STORED DATA:

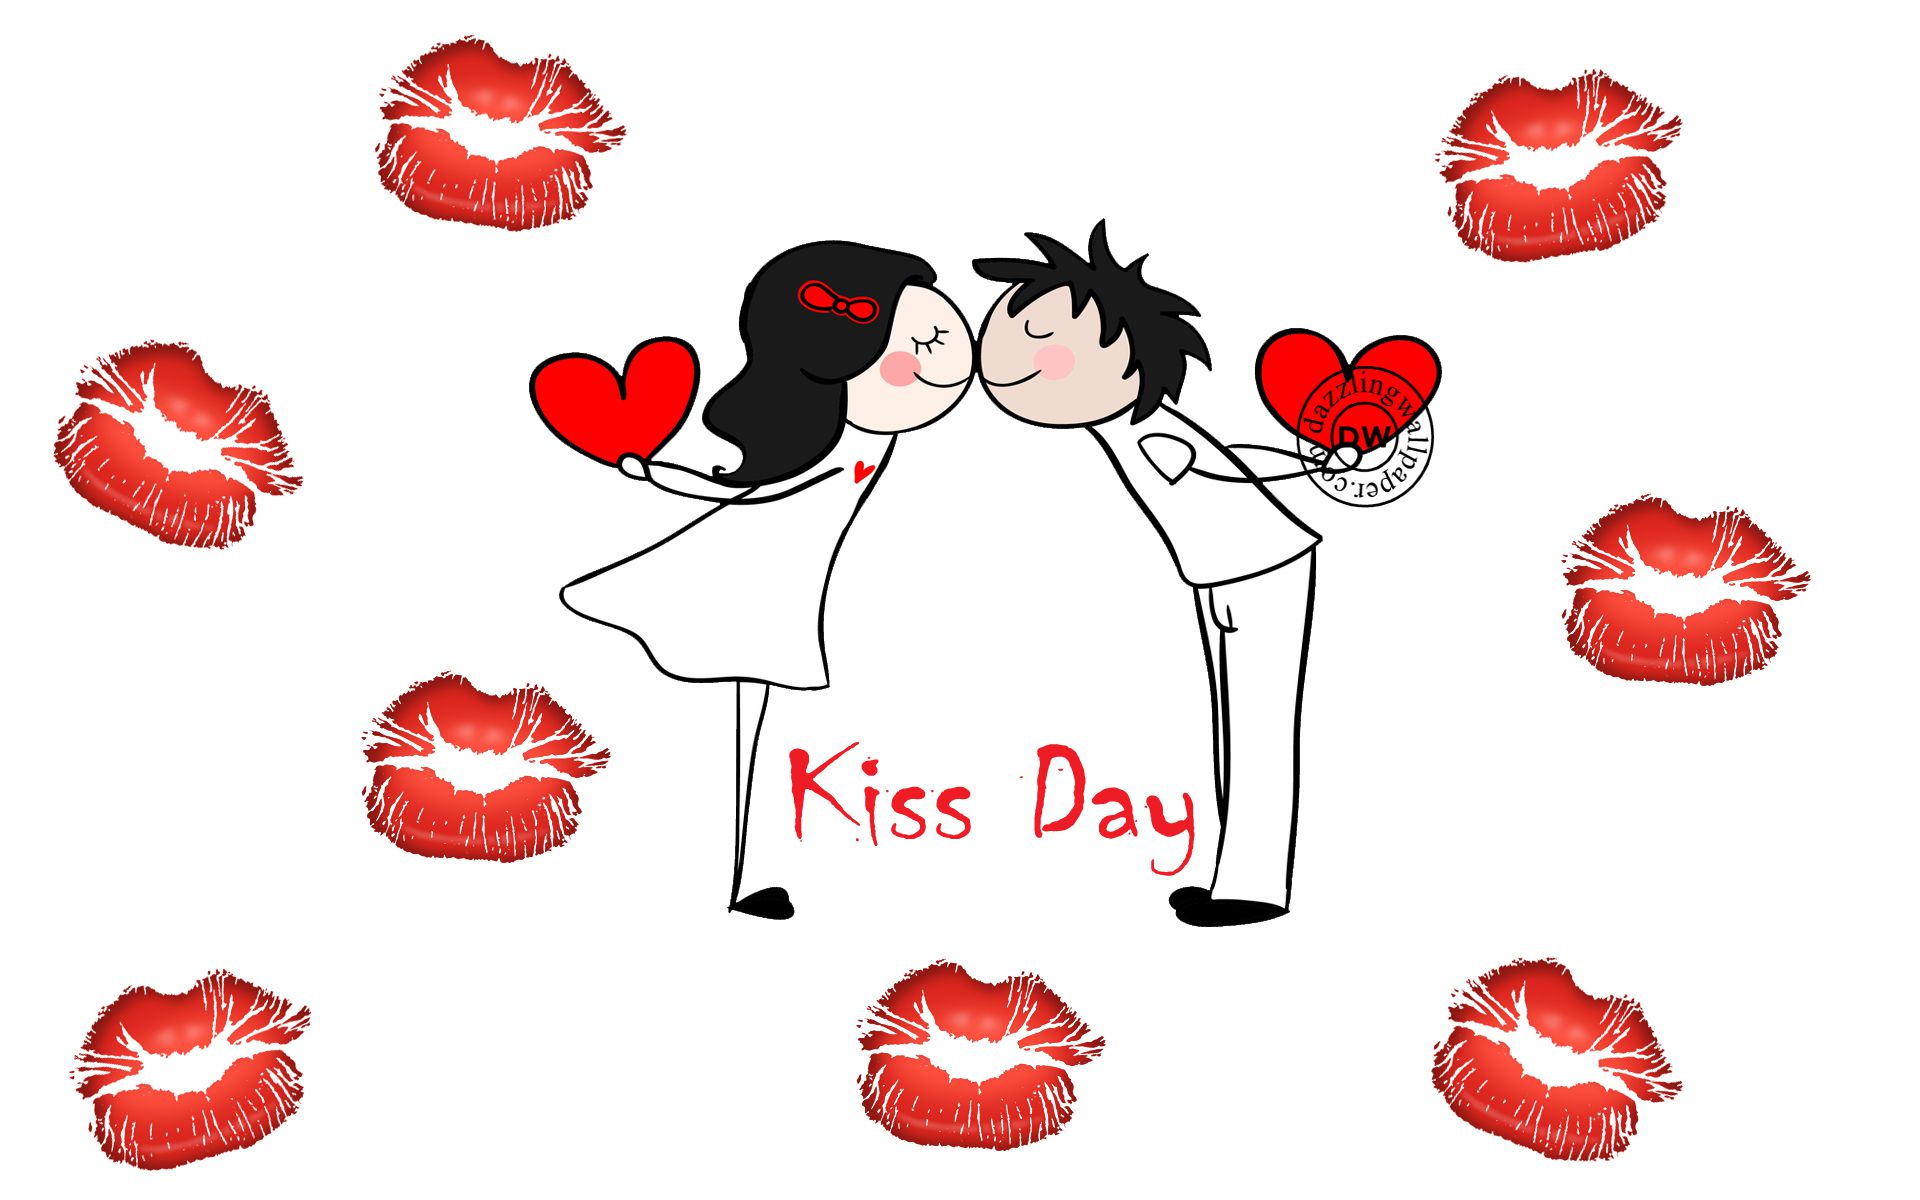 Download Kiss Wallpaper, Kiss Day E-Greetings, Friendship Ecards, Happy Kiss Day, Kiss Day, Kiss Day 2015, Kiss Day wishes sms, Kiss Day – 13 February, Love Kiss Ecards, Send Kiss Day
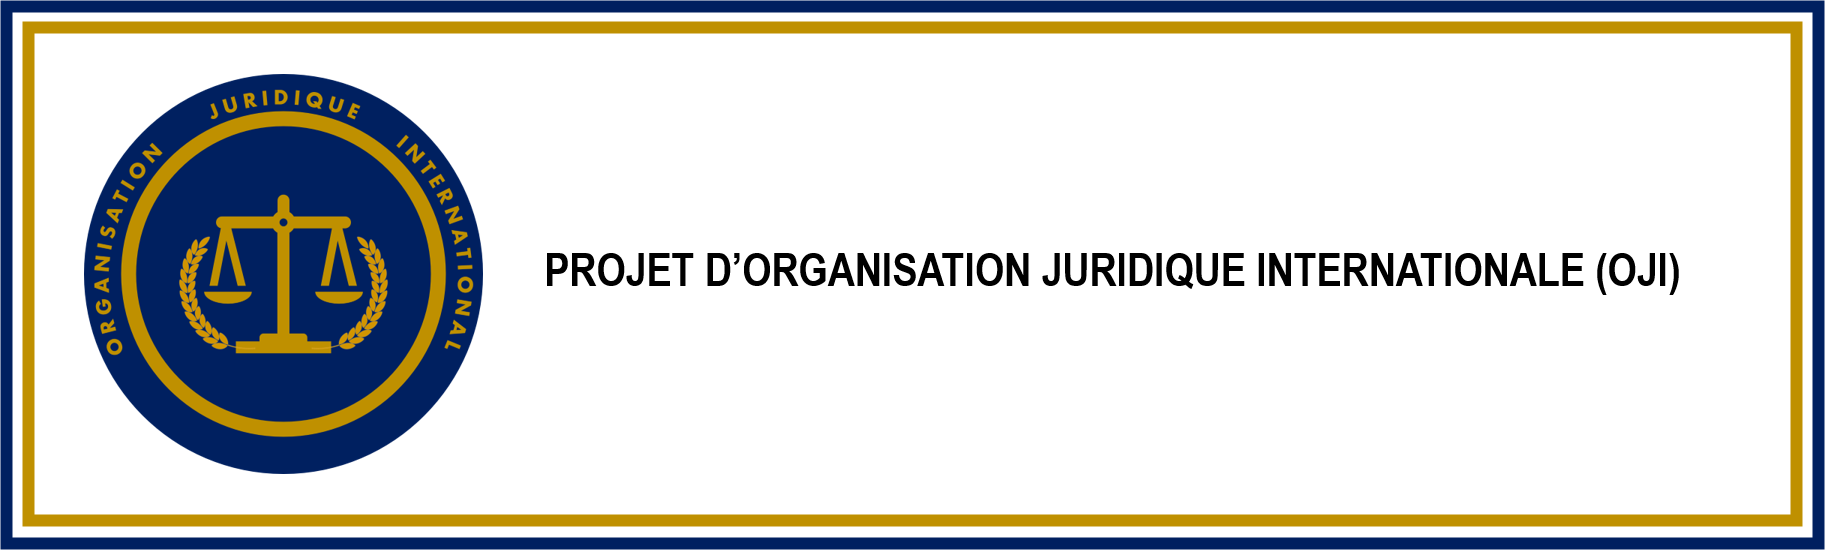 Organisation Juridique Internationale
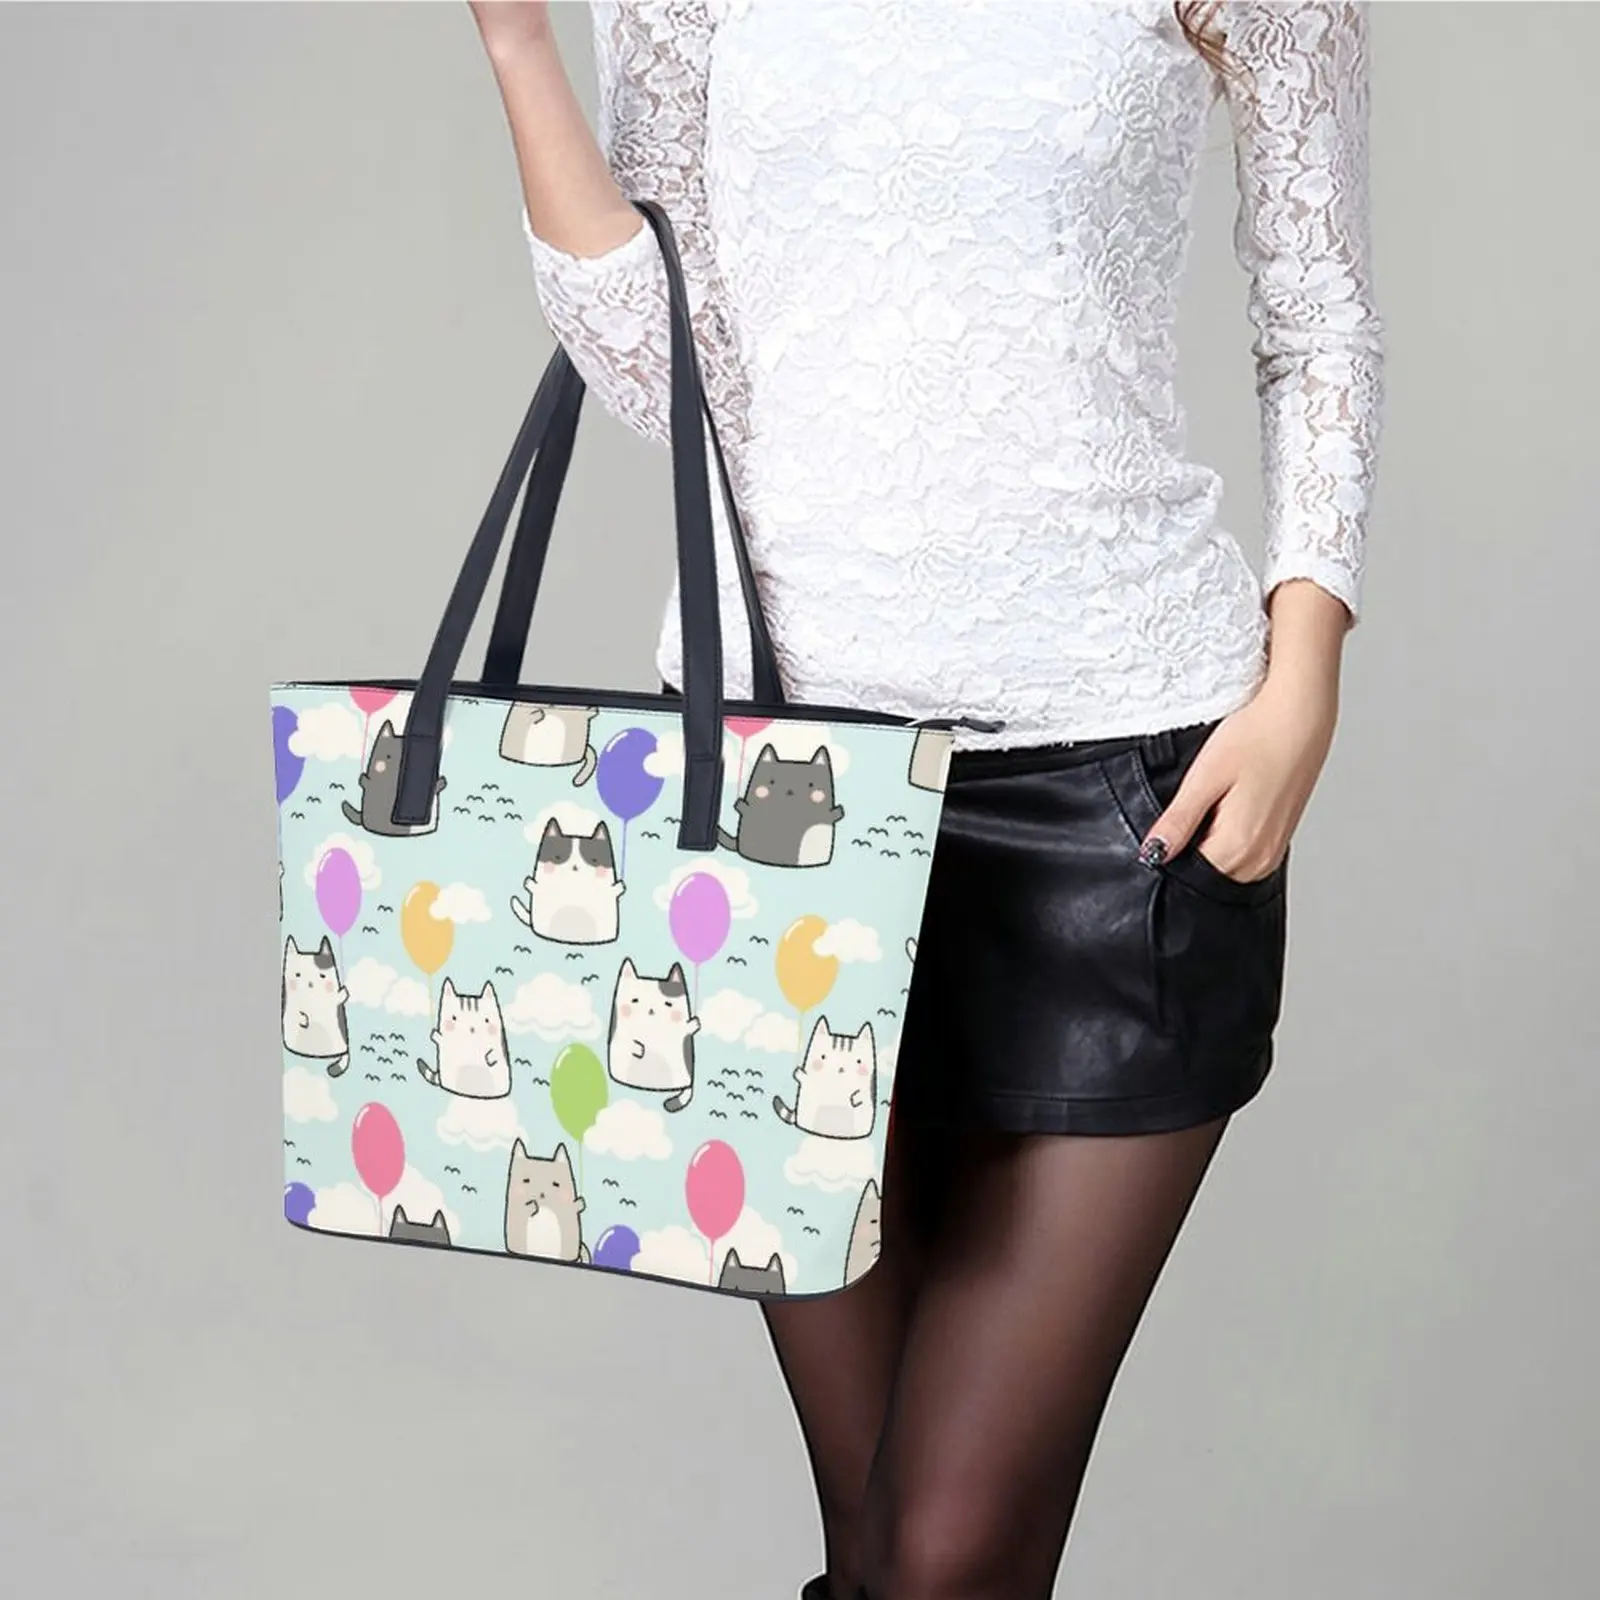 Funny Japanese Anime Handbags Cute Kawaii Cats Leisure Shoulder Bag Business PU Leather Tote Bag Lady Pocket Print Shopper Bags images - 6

PROBLEM REQUIREMENTS:
Please write out all of the data verbatim, with no pictures in the copy.

TASK SOLUTION:
 Download Kiss Wallpaper, Kiss Day E-Greetings, Friendship Ecards, Happy Kiss Day, Kiss Day, Kiss Day 2015, Kiss Day wishes sms, Kiss Day – 13 February, Love Kiss Ecards, Send Kiss Day
 Organisation Juridique Internationale
 Funny Japanese Anime Handbags Cute Kawaii Cats Leisure Shoulder Bag Business PU Leather Tote Bag Lady Pocket Print Shopper Bags images - 6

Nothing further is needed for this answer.